Java API如何对接Hadoop实现数据处理？-杰瑞科技汇

Of course! This is a fundamental topic for anyone working with Hadoop. Here’s a comprehensive guide to the Java API for Hadoop, covering the core components, key classes, and practical examples.

（图片来源网络，侵删）

What is the Hadoop Java API?

The Hadoop Java API is the set of libraries, classes, and interfaces provided by the Hadoop framework that allows developers to write applications that can process vast amounts of data stored in the Hadoop Distributed File System (HDFS) and run computations on the Hadoop MapReduce framework.

The primary API for interacting with Hadoop is the Hadoop Common API, which provides the fundamental building blocks for all Hadoop-related operations.

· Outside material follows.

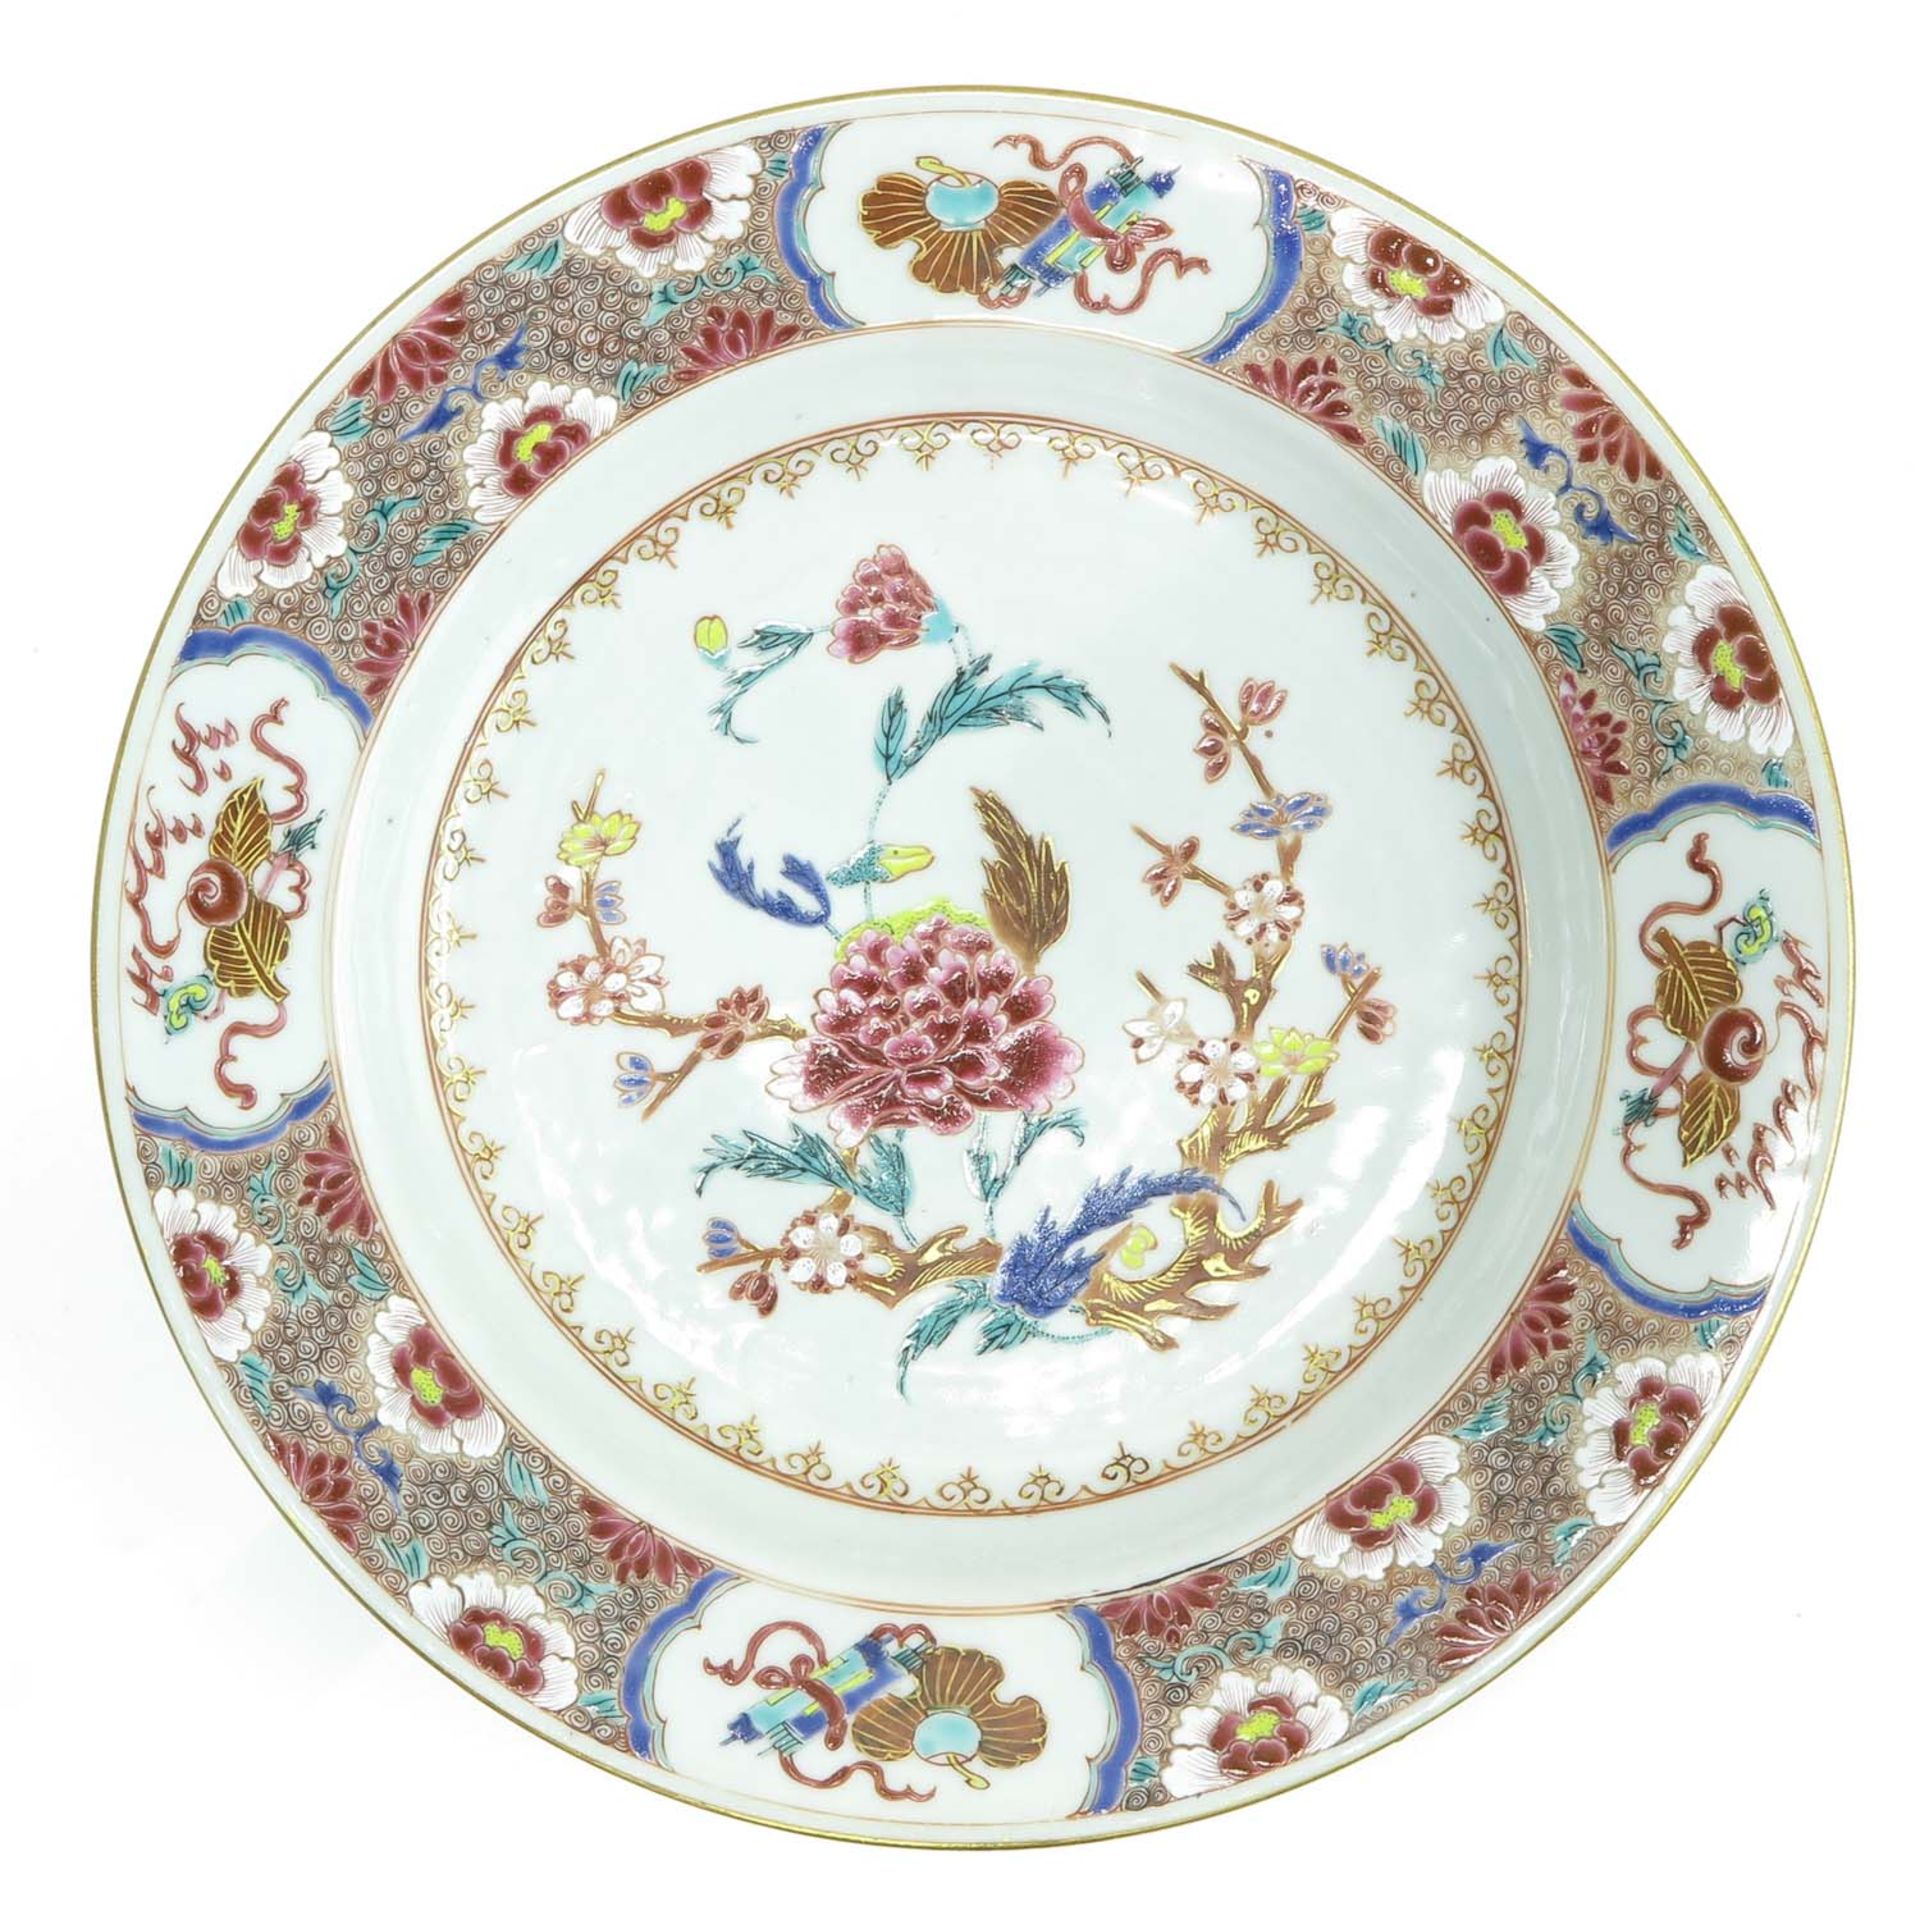 18th Century China Porcelain Famille Rose Plate

Core Concepts of the Hadoop Java API

Before diving into the code, you need to understand the two main abstractions:

The FileSystem Abstraction: This is your primary entry point for interacting with any file system, whether it's HDFS, the local file system, or even cloud storage (like S3). You never want to hardcode hdfs://... paths or use raw Java File objects. The FileSystem class provides a unified, portable way to read from and write to files.
Configuration (org.apache.hadoop.conf.Configuration): This is how you configure your Hadoop application. It loads properties from core-site.xml, hdfs-site.xml, mapred-site.xml, and yarn-site.xml files, as well as any custom properties you set in your code. All Hadoop clients and services use this to find each other and determine their behavior.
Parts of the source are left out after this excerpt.